I have many hats, they vary in size and color, and I toss them on whenever I need them the most.
Today I donned my housewife hat and raced out the door to procure juice, cheese, coffee and the all important vaccum bag. Sadly, the bag in question was not present at my local shoppery, so I had to steal one from my mother. (Who happily owns the same vaccum I do. Always buy your mother’s vaccum for this reason.) Then I raced back to the house to host a playdate for Otter, Monkey, and their friend L, who is Otter’s age.
As soon as I got home I donned my housekeeper hat and made the coffee, vaccumed the house, did the dishes and prepared a late breakfast. Then I tossed on my teacher/daycare provider hat and rearranged the furniture so the children had room to roam and created centers with the kid’s toys so their little minds had many places to visit and grow. Once the kids were all happily playing between the sandbox and the living room under the supervision of my darling Monkey, I headed into the office for some lawyering.
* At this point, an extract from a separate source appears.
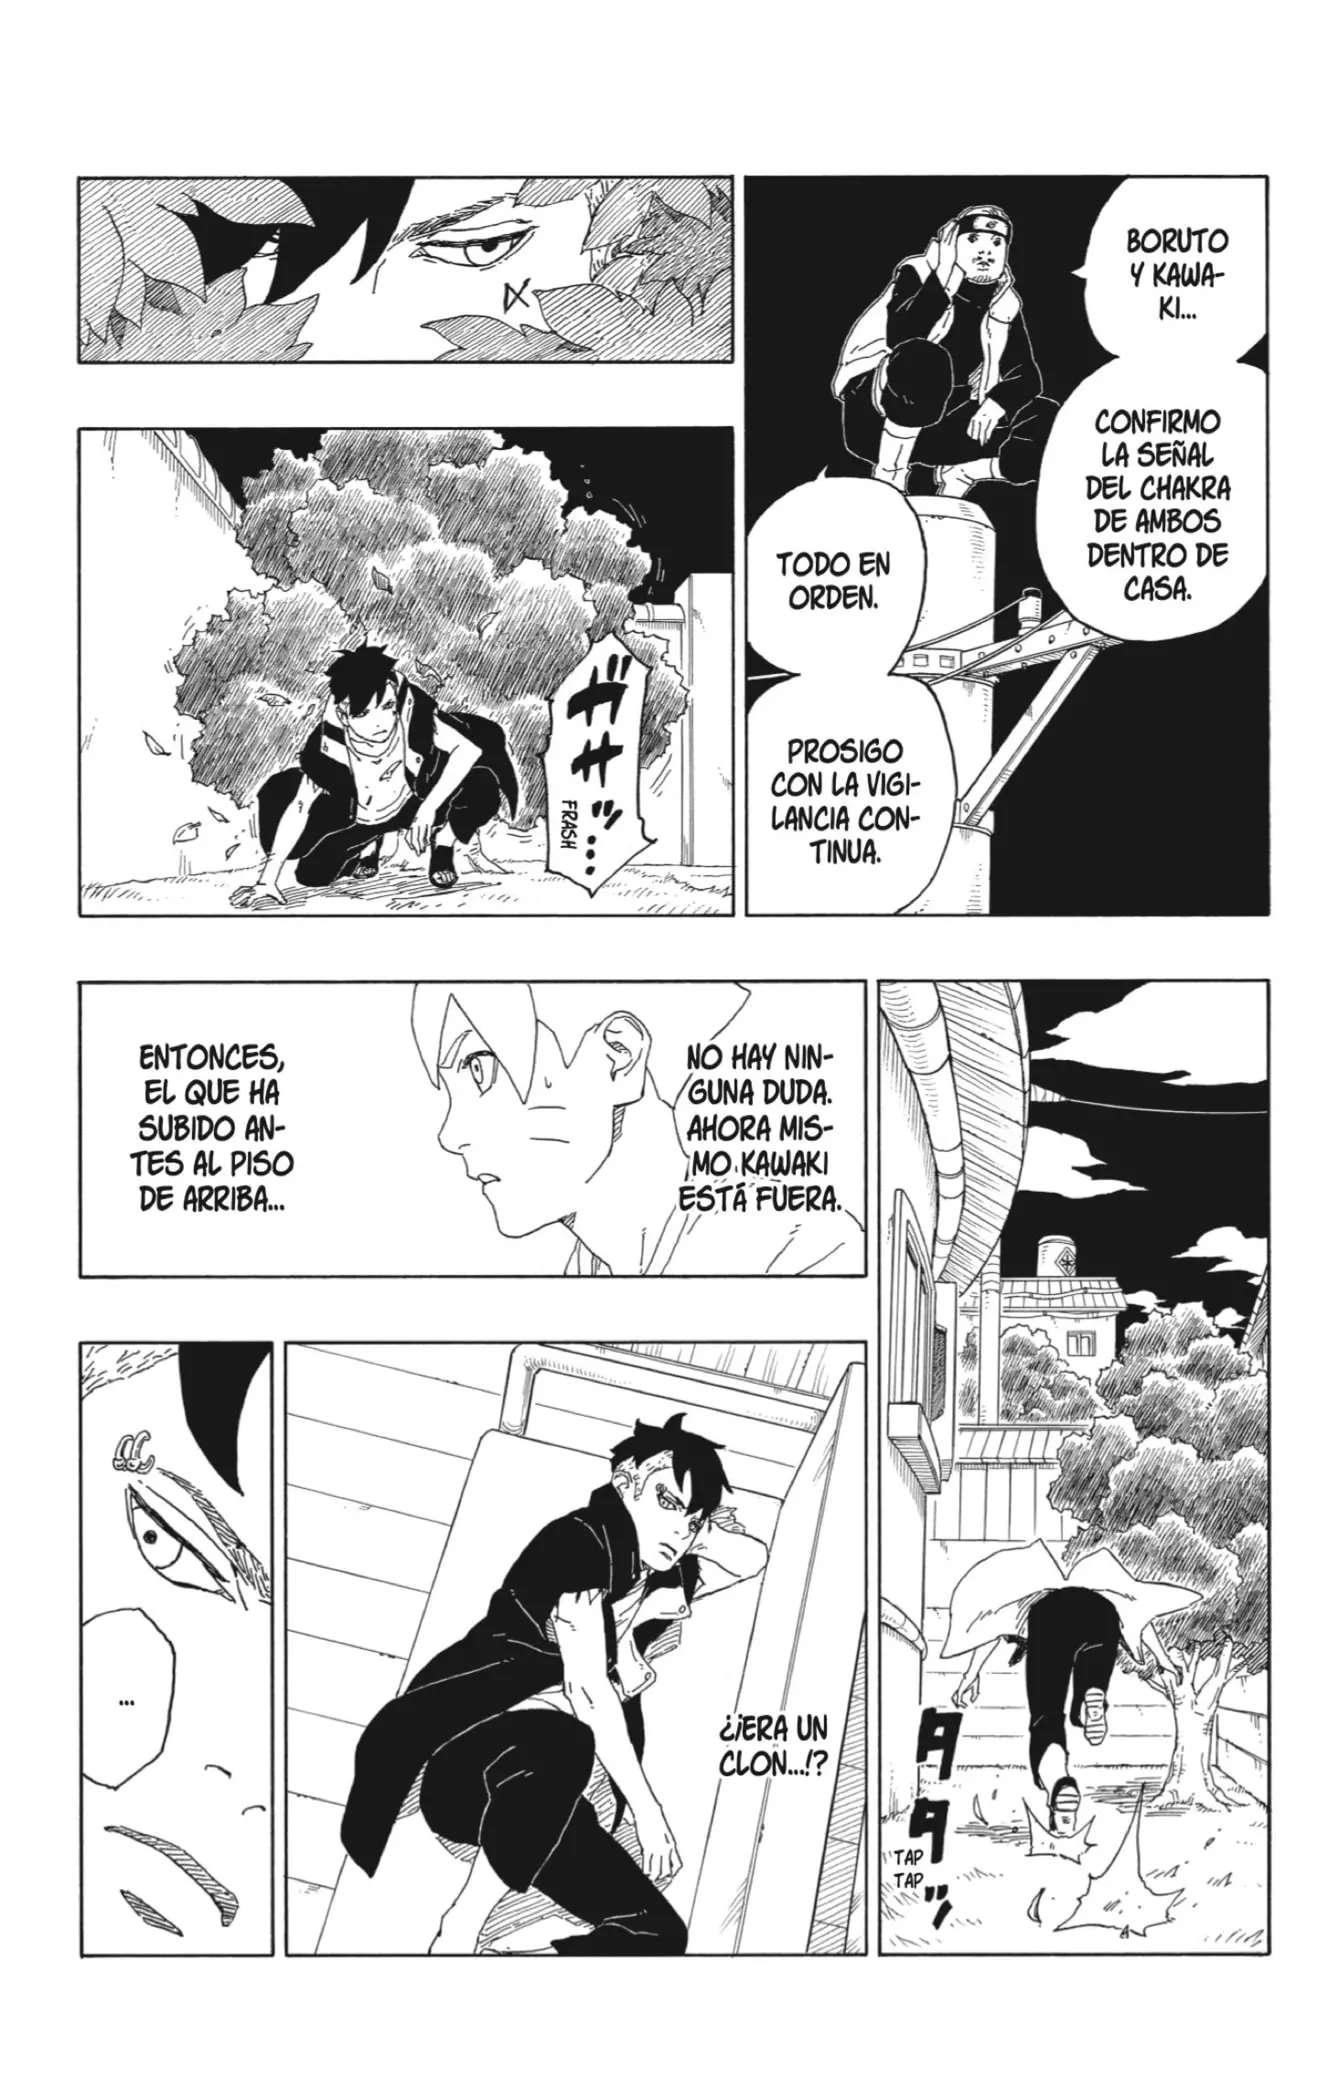 Boruto Manga Capitulo 61, image №28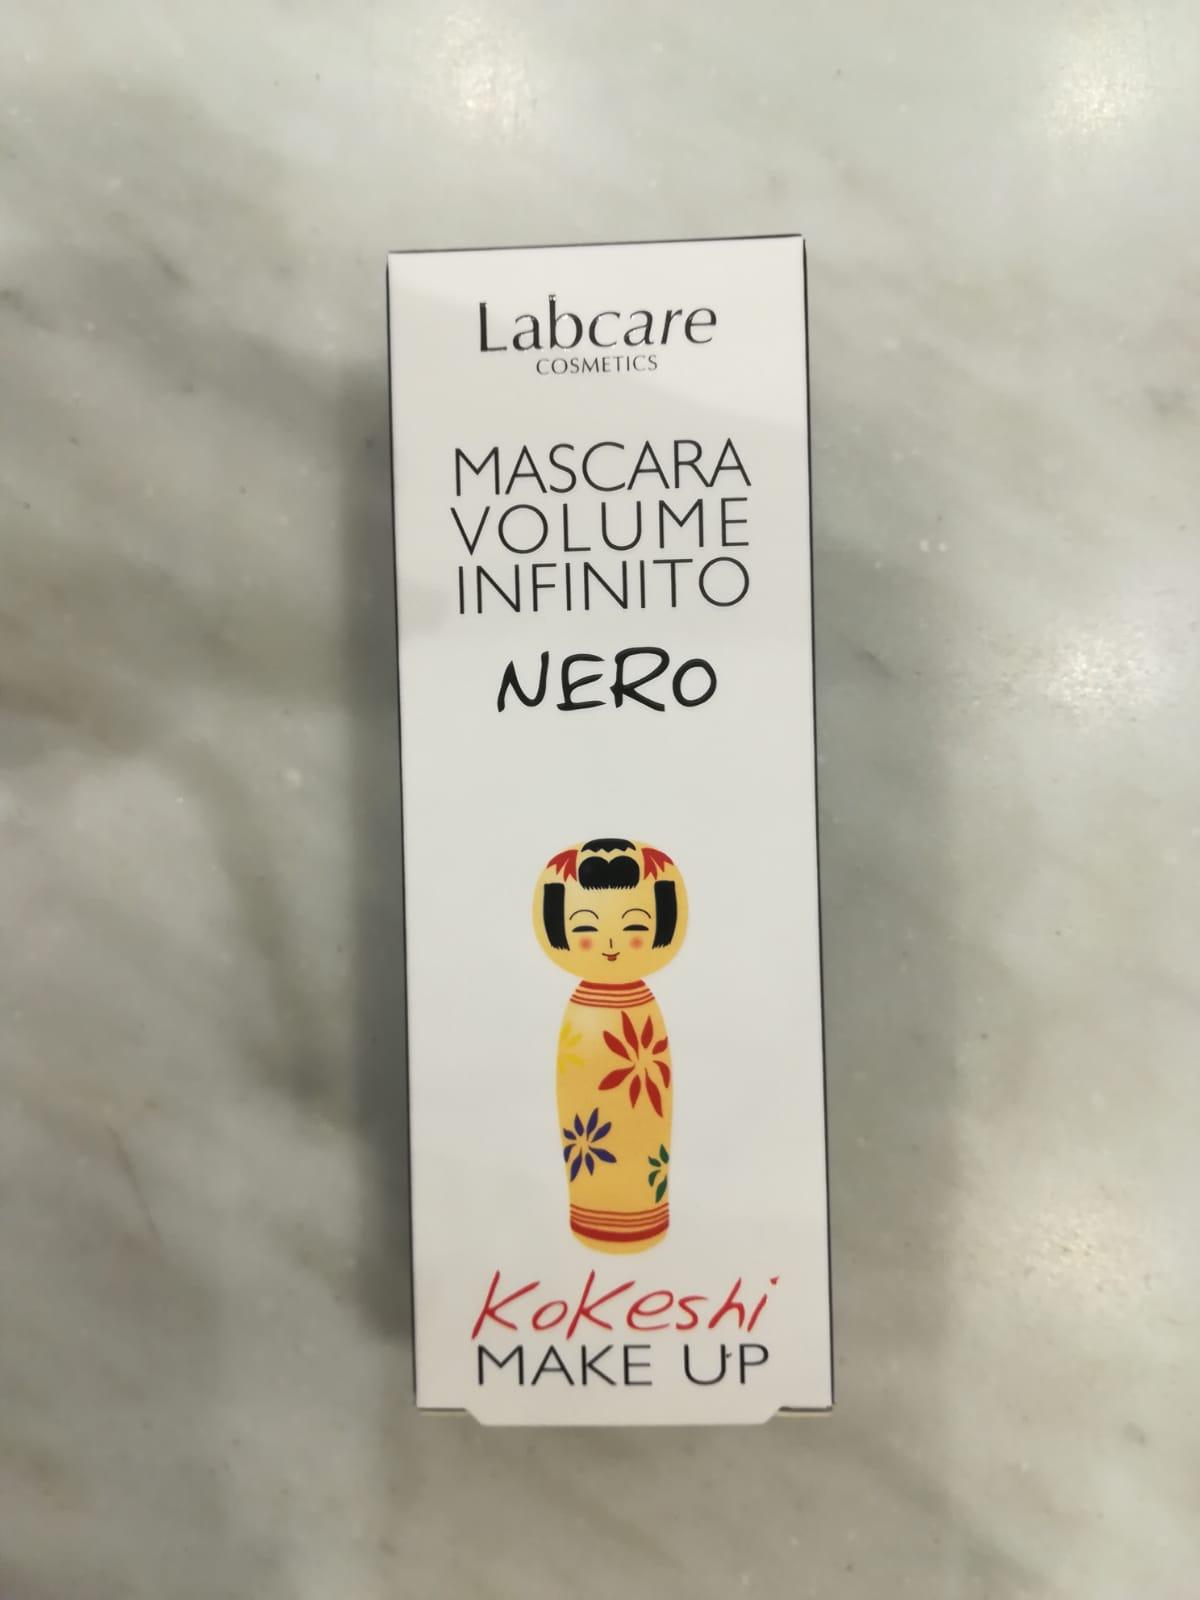 LABCARE MASCARA VOLUME INFINITO NERO 10 ml

I crammed the lawyer hat onto my head and researched the historic range of the Jaguarundi on Google. I added what I found to my complaint, along with some language direct from the Fish and Wildlife Service about how important a recovery plan would be to the conservation of that species. (Yay!) My research was interrupted by the sounds of cold children wishing to be let in and the realization that the freshly vaccumed floor was about to be turned into a beach.
I quickly grabbed by mommy hat and shuffled three very sandy kids into the house and into the shower. Once de-sanded I deposited them in front of a movie and plopped my chef’s hat onto my head. I made lunch out of cheese, crackers, grapes, bagels, and muffins. I served lunch up with Disney’s Robin Hood and raced back into the office to create a comprehensive yet friendly engagement letter for my new client. I shook my head internally as I added phrases like “Client hereby grants Attorney a lien on any and all claims…” and “severability in the event of partial invalidity.”
My designer/marketing hat came on while I redesigned my logo and ordered stickers for envelopes and invoicing. Then I tossed back on the mommy hat to pick up the scattered toy centers and help a now limping Monkey recover from her poor furniture climbing choice.
Obviously I once again located the blogger hat that slid behind my desk weeks ago and decided to at least try it on, if only for a moment, before once again tossing the housekeeper hat on to empty the trash and sweep the sand off the floor.